There were 3,028 housing units, of which 4.0% were vacant. The homeowner vacancy rate was 1.9% and the rental vacancy rate was 4.6%.

Racial composition as of the 2020 census
| Race | Number | Percent |
|---|---|---|
| White | 3,315 | 43.3% |
| Black or African American | 1,518 | 19.8% |
| American Indian and Alaska Native | 37 | 0.5% |
| Asian | 434 | 5.7% |
| Native Hawaiian and Other Pacific Islander | 2 | 0.0% |
| Some other race | 1,459 | 19.1% |
| Two or more races | 892 | 11.6% |
| Hispanic or Latino (of any race) | 2,607 | 34.0% |

===2000 census===
As of the census of 2000, there were 6,536 people, 2,693 households, and 1,728 families residing in the CDP. The population density was 4,456.8 PD/sqmi. There were 2,761 housing units at an average density of 1,882.7 /sqmi. The racial makeup of the CDP was 78.93% White, 8.48% African American, 0.43% Native American, 4.39% Asian, 0.06% Pacific Islander, 4.44% from other races, and 3.27% from two or more races. Hispanic or Latino of any race were 13.51% of the population. There were 2,693 households, out of which 31.0% had children under the age of 18 living with them, 48.2% were married couples living together, 12.5% had a female householder with no husband present, and 35.8% were non-families. 29.7% of all households were made up of individuals, and 6.6% had someone living alone who was 65 years of age or older. The average household size was 2.42 and the average family size was 3.04.

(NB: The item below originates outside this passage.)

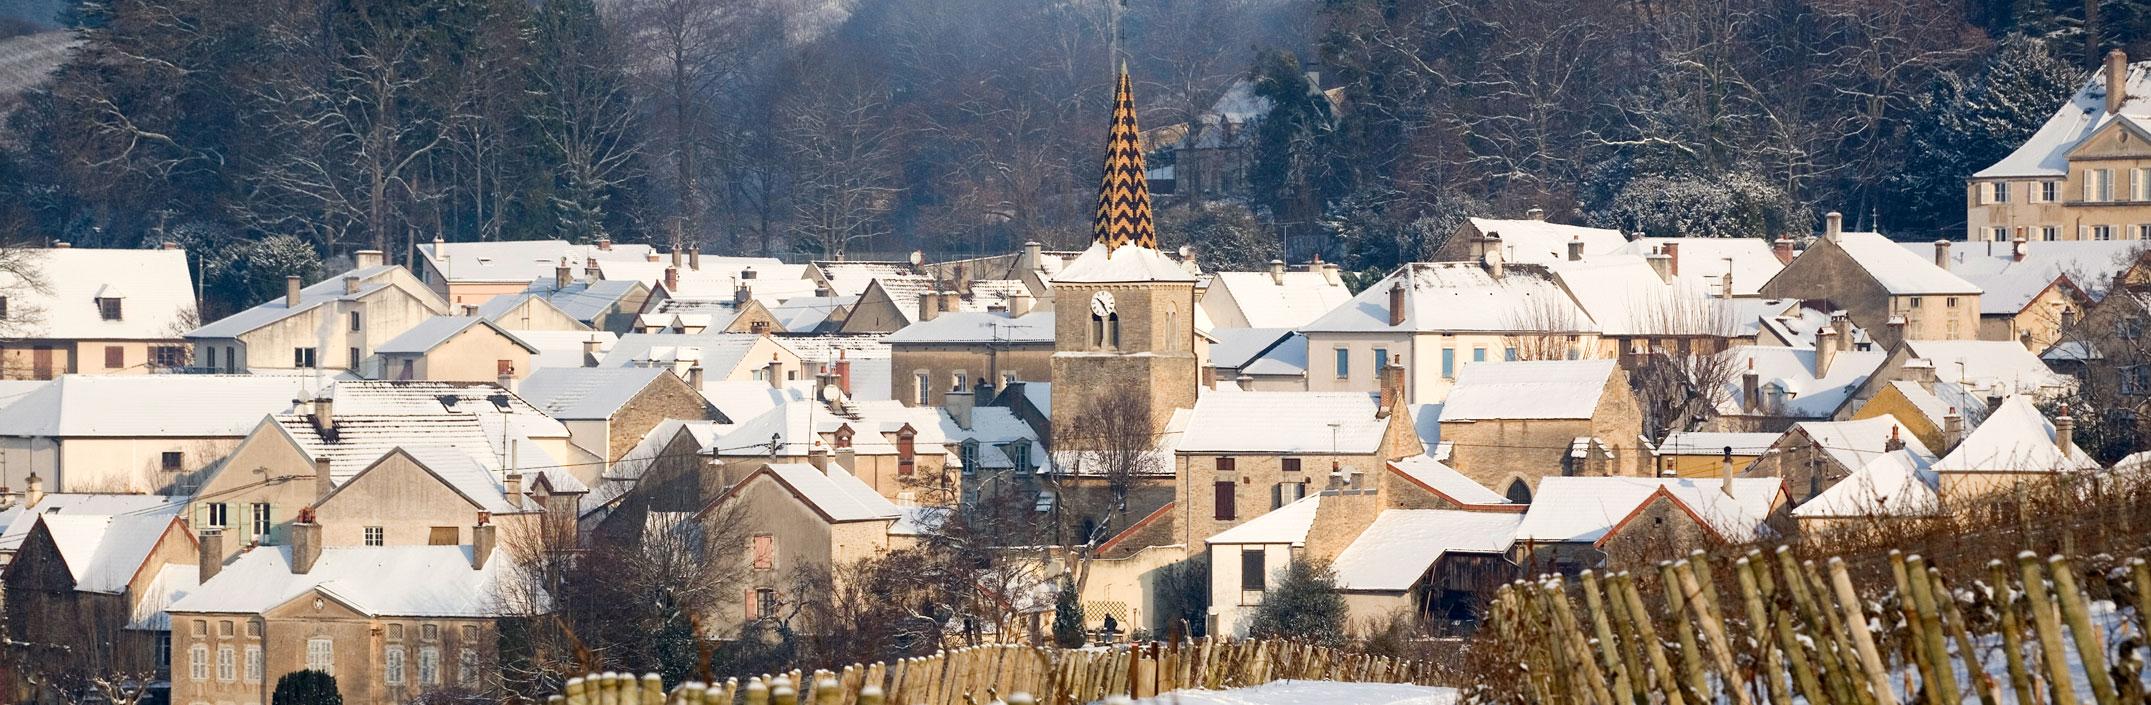 Domaine Dubreuil-Fontaine, Pernand Vergelesses, Bourgogne, Armelle photographe

In the CDP, the population was 23.5% under the age of 18, 7.0% from 18 to 24, 34.8% from 25 to 44, 26.1% from 45 to 64, and 8.6% who were 65 years of age or older. The median age was 36 years. For every 100 females, there were 90.4 males. For every 100 females age 18 and over, there were 85.8 males. The median income for a household in the CDP was $51,935, and the median income for a family was $61,968. Males had a median income of $42,205 versus $38,071 for females. The per capita income for the CDP was $25,685. About 6.9% of families and 8.0% of the population were below the poverty line, including 10.7% of those under age 18 and 7.4% of those age 65 or over.